I have two 'anthologies' on my Kindle: _The Lock and Key Library Classic Mystery and Detective Stories_ and _Library of the World's Best Mystery and Detective Stories._ Both free. . .from Amazon I think but, if not, through manybooks, mobilereads, or feedbooks probably.

I also have two volumes by Aurthur Morrison: _Martin Hewitt, Investigator_

And _The Red House Mystery_ by A.A. Milne of _Winnie the Pooh_ fame.

I haven't necessarily read all of these. . .but they looked good enough to try for free or very cheap. . . . .


----------



## bordercollielady (Nov 21, 2008)

I  have bought a collection of 100  classic mysteries  -  including  2  by Agatha Christie,and many many more.. If  I recall  the whole thing  was  less than  $10.  Each  chapter is a different  book.


----------



## JennaAnderson (Dec 25, 2009)

Ohhh - Dr. Thorndyke. Sounds intriguing.


----------



## JennaAnderson (Dec 25, 2009)

bordercollielady said:


> I have bought a collection of 100 classic mysteries - including 2 by Agatha Christie,and many many more.. If I recall the whole thing was less than $10. Each chapter is a different book.


For your Kindle I'm assuming? Do you have the full name of the collection handy?

Jenna


----------



## Ann in Arlington (Oct 27, 2008)

Be very careful about buying collections on CD or something like that. . . .they've occasionally been discussed here and the consensus is they're usually either public domain books that you could get free anyway or they're books that are not public domain and the seller hasn't the right to distribute.

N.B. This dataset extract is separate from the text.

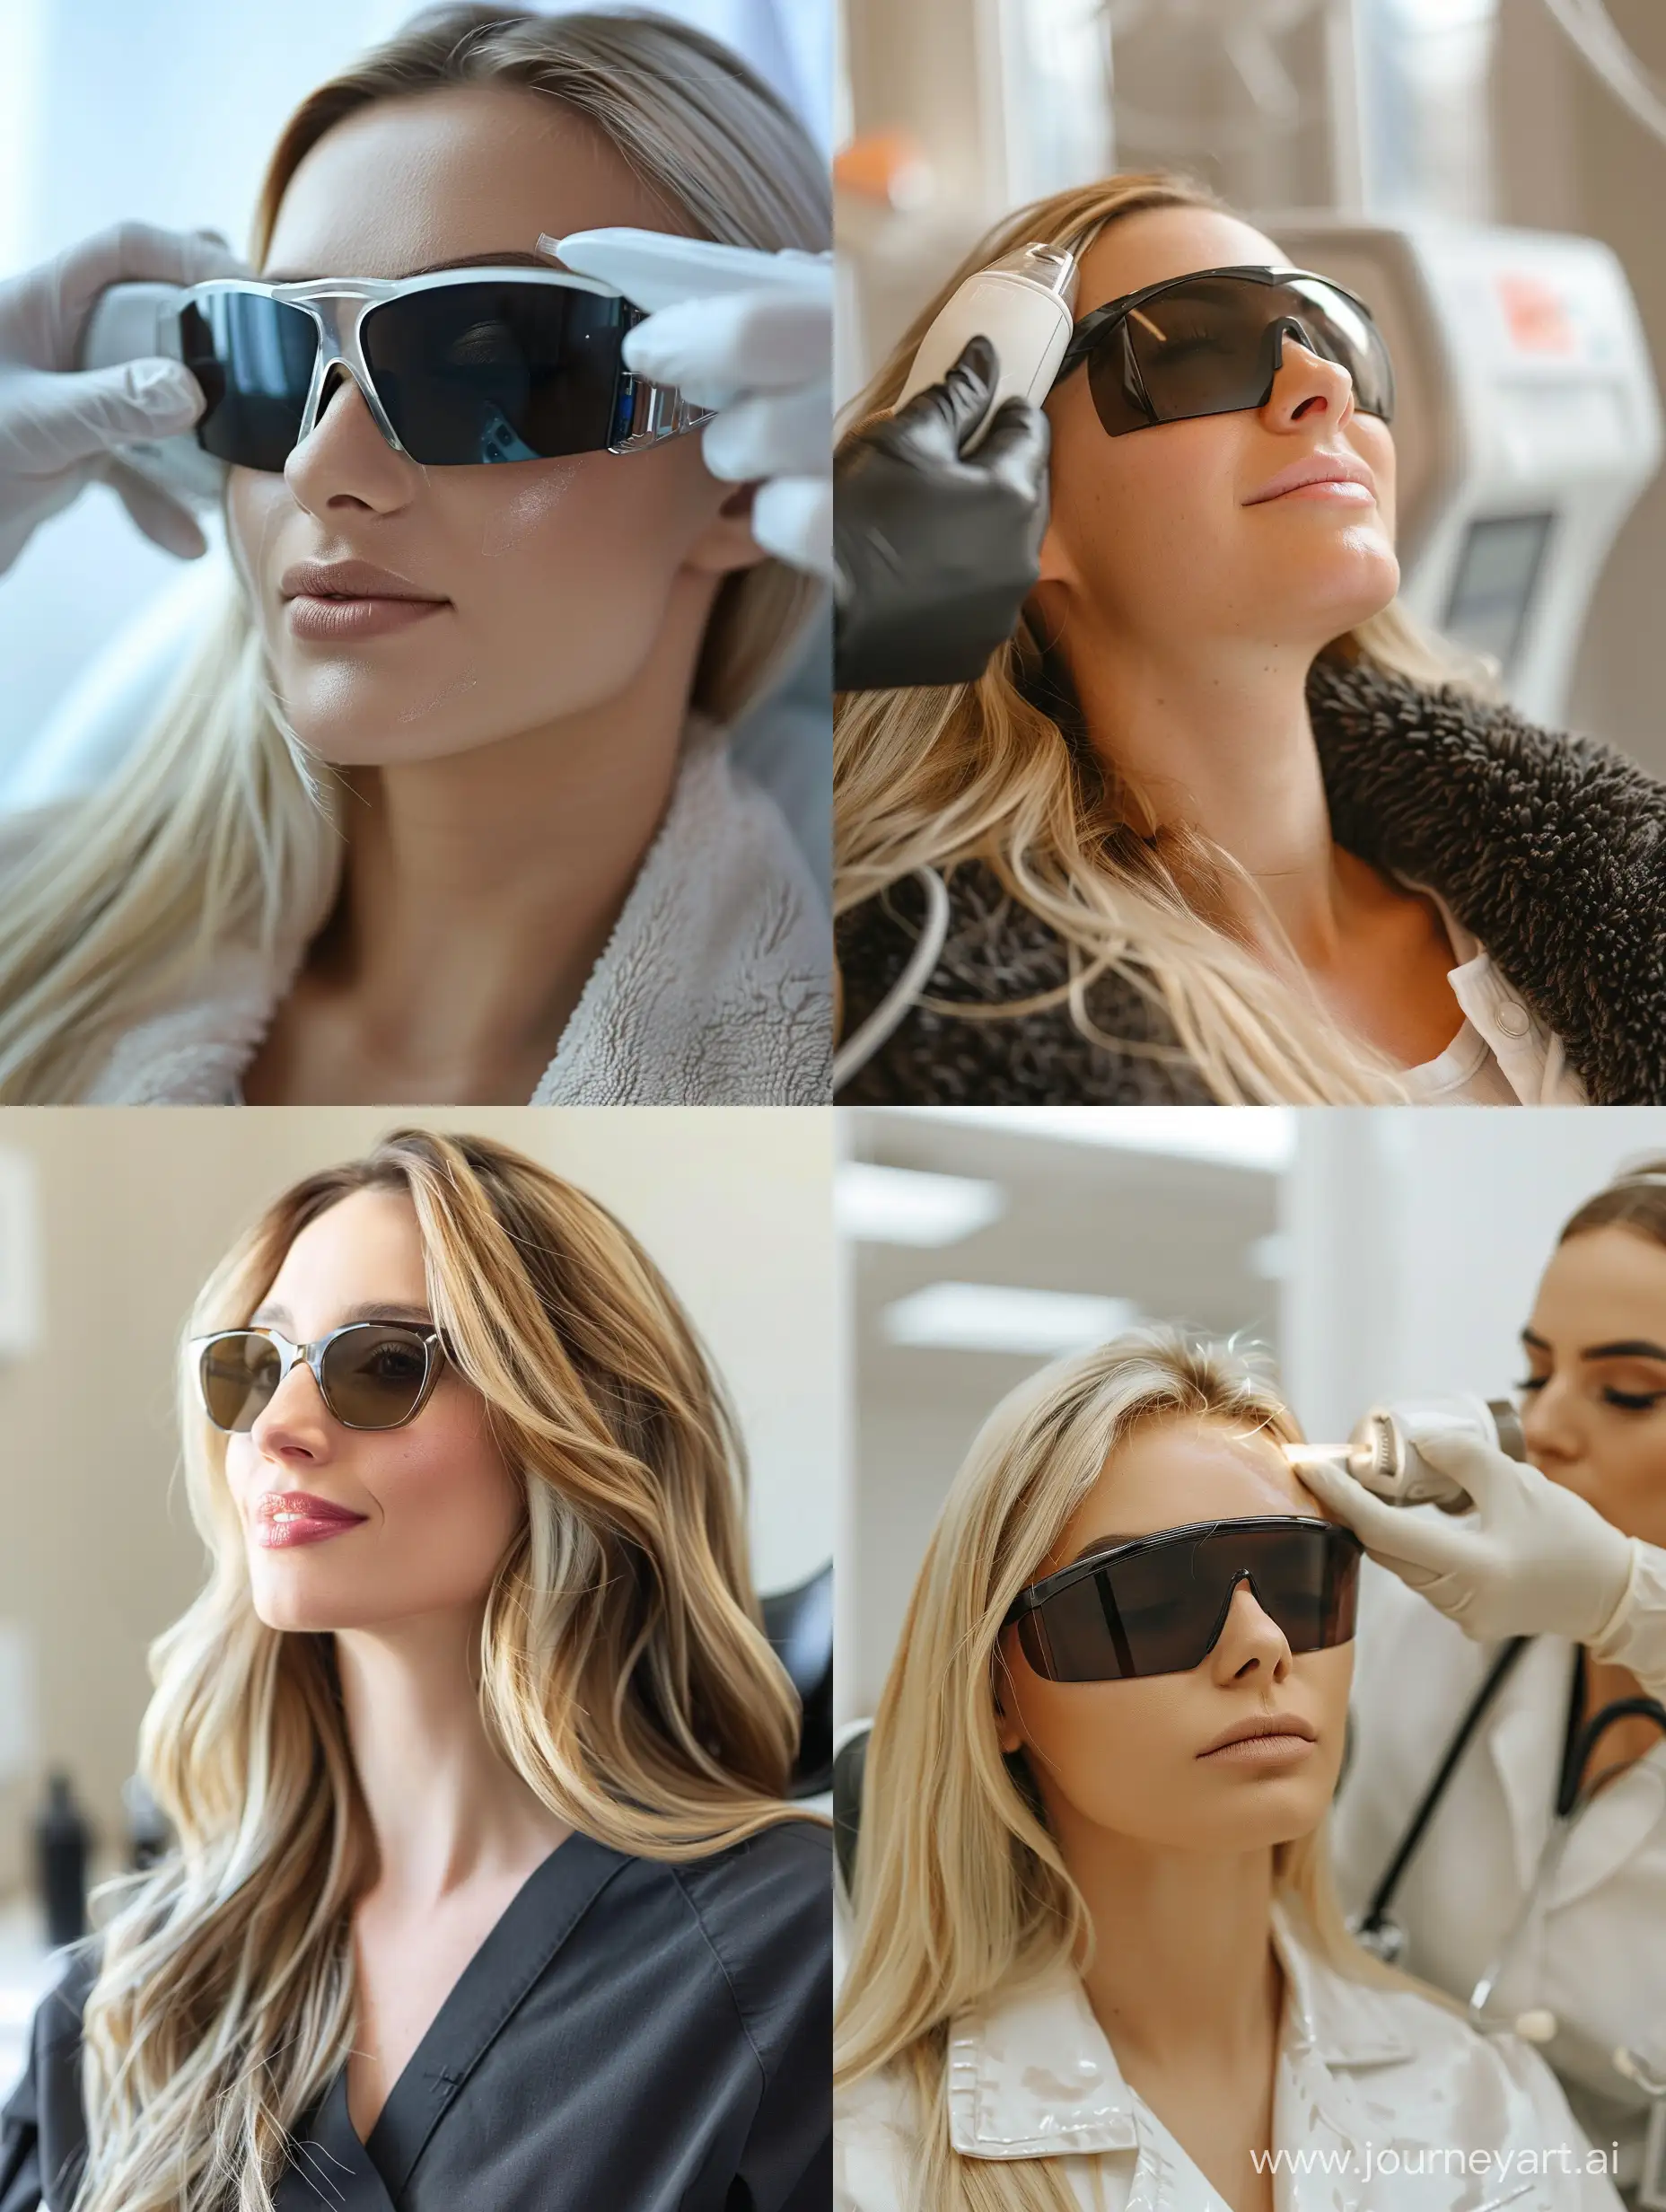 Blonde-Woman-Undergoing-Laser-Hair-Removal-Procedure-at-Cosmetologist-Appointment

Collections from Amazon, MobileRead, Project Gutenberg, FeedBooks, and ManyBooks are probably o.k.  But always check the formatting -- that's usually where problems come in with the public domain classics.


----------



## JennaAnderson (Dec 25, 2009)

Ann in Arlington said:


> Be very careful about buying collections on CD or something like that. . . .they've occasionally been discussed here and the consensus is they're usually either public domain books that you could get free anyway or they're books that are not public domain and the seller hasn't the right to distribute.
> 
> Collections from Amazon, MobileRead, Project Gutenberg, FeedBooks, and ManyBooks are probably o.k. But always check the formatting -- that's usually where problems come in with the public domain classics.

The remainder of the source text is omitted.